They're doing it backwards; walking up the down slide.

River ,'Ariel'


Natter 64: Yes, we still need you  

Off-topic discussion. Wanna talk about corsets, duct tape, or physics? This is the place. Detailed discussion of any current-season TV must be whitefonted.


Allyson - Sep 14, 2009 8:09:31 am PDT #8699 of 30001
Wait, is this real-world child support, where the money goes to buy food for the kids, or MRA fantasyland child support where the women just buy Ferraris and cocaine? -Jessica

Hee. Thanks. I feel like I've accomplished something.


Fred Pete - Sep 14, 2009 8:11:20 am PDT #8700 of 30001
Ann, that's a ferret.

I hope it's soon announced that Kanye is entering rehab

I can't think of any other explanation. I mean, if he'd said it after the ceremony, he'd at least be following a long tradition of either sore loserhood or coming to the defense of your friends or both, depending on whether you think it's a good idea to say such things. But jumping on stage during the winner's acceptance speech? Not even if Mrs. Miller had won a Grammy.


Trudy Booth - Sep 14, 2009 8:16:49 am PDT #8701 of 30001
Greece's financial crisis threatens to take down all of Western civilization - a civilization they themselves founded. A rather tragic irony - which is something they also invented. - Jon Stewart

There's asshole rehab?

Actually, someone could make a MINT if they founded an asshole rehab.


Tom Scola - Sep 14, 2009 8:20:03 am PDT #8702 of 30001
Remember that the frontier of the Rebellion is everywhere. And even the smallest act of insurrection pushes our lines forward.

Kanye West & his bottle of Hennessey at the VMAs: [link]


StuntHusband - Sep 14, 2009 8:22:28 am PDT #8703 of 30001
Electromagnetic candy! - Stark

Actually, someone could make a MINT if they founded an asshole rehab.

(sigh) And they'd be getting some money from me. No matter how hard I try, I fall off the nice-person wagon, someone gets the backside of my hand (verbally), and then I spend weeks attempting to recover from being a jackass.

It's my version of the vodka bottle most of my family has crawled in to.


erikaj - Sep 14, 2009 8:28:23 am PDT #8704 of 30001
Always Anti-fascist!

Maybe we could take "smoke breaks" together while I'm in Snarky Bitch rehab, SH.


Barb - Sep 14, 2009 8:29:32 am PDT #8705 of 30001
“Not dead yet!”

Maybe we could take "smoke breaks" together while I'm in Snarky Bitch rehab, SH.

Now, why on earth would you need rehab for that?

Signed,

Fellow Snarky Bitch.


Frankenbuddha - Sep 14, 2009 8:37:44 am PDT #8706 of 30001
"We are the Goon Squad and we're coming to town...Beep!
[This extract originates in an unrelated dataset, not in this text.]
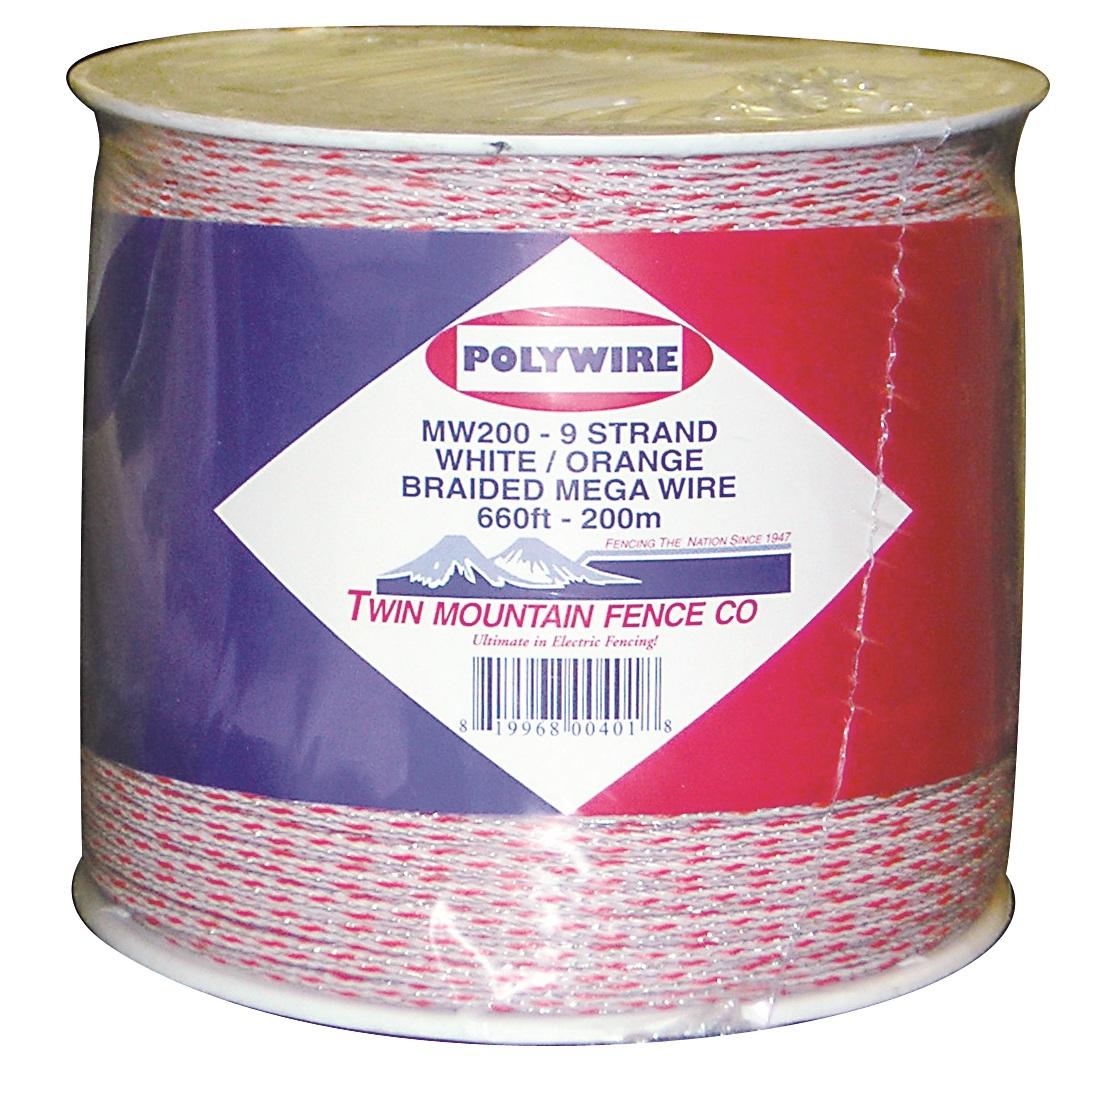 660' Braided Mega Wire

Beep!" - David Bowie, "Fashion"

Actually, someone could make a MINT if they founded an asshole rehab.

That would probably require asshole interventions of some kind.

Since the first step would be admitting to being an asshole, I fear there wouldn't be much in the way of voluntary rehab as asshole's often seem to be clueless about their own assholedom.


Frankenbuddha - Sep 14, 2009 8:41:00 am PDT #8707 of 30001
"We are the Goon Squad and we're coming to town...Beep! Beep!" - David Bowie, "Fashion"

(sigh) And they'd be getting some money from me. No matter how hard I try, I fall off the nice-person wagon, someone gets the backside of my hand (verbally), and then I spend weeks attempting to recover from being a jackass.

Some people need a verbal backhanding. People dealing out the deserved treatement are performing a public service, not being assholes.

Also, I see a huge margin of difference between jackassery and assholedom, but that may just be me.


Dana - Sep 14, 2009 8:44:43 am PDT #8708 of 30001
I'm terrifically busy with my ennui.

If I met with an HR person for five minutes during an interview, a short thank you e-mail is appropriate, right?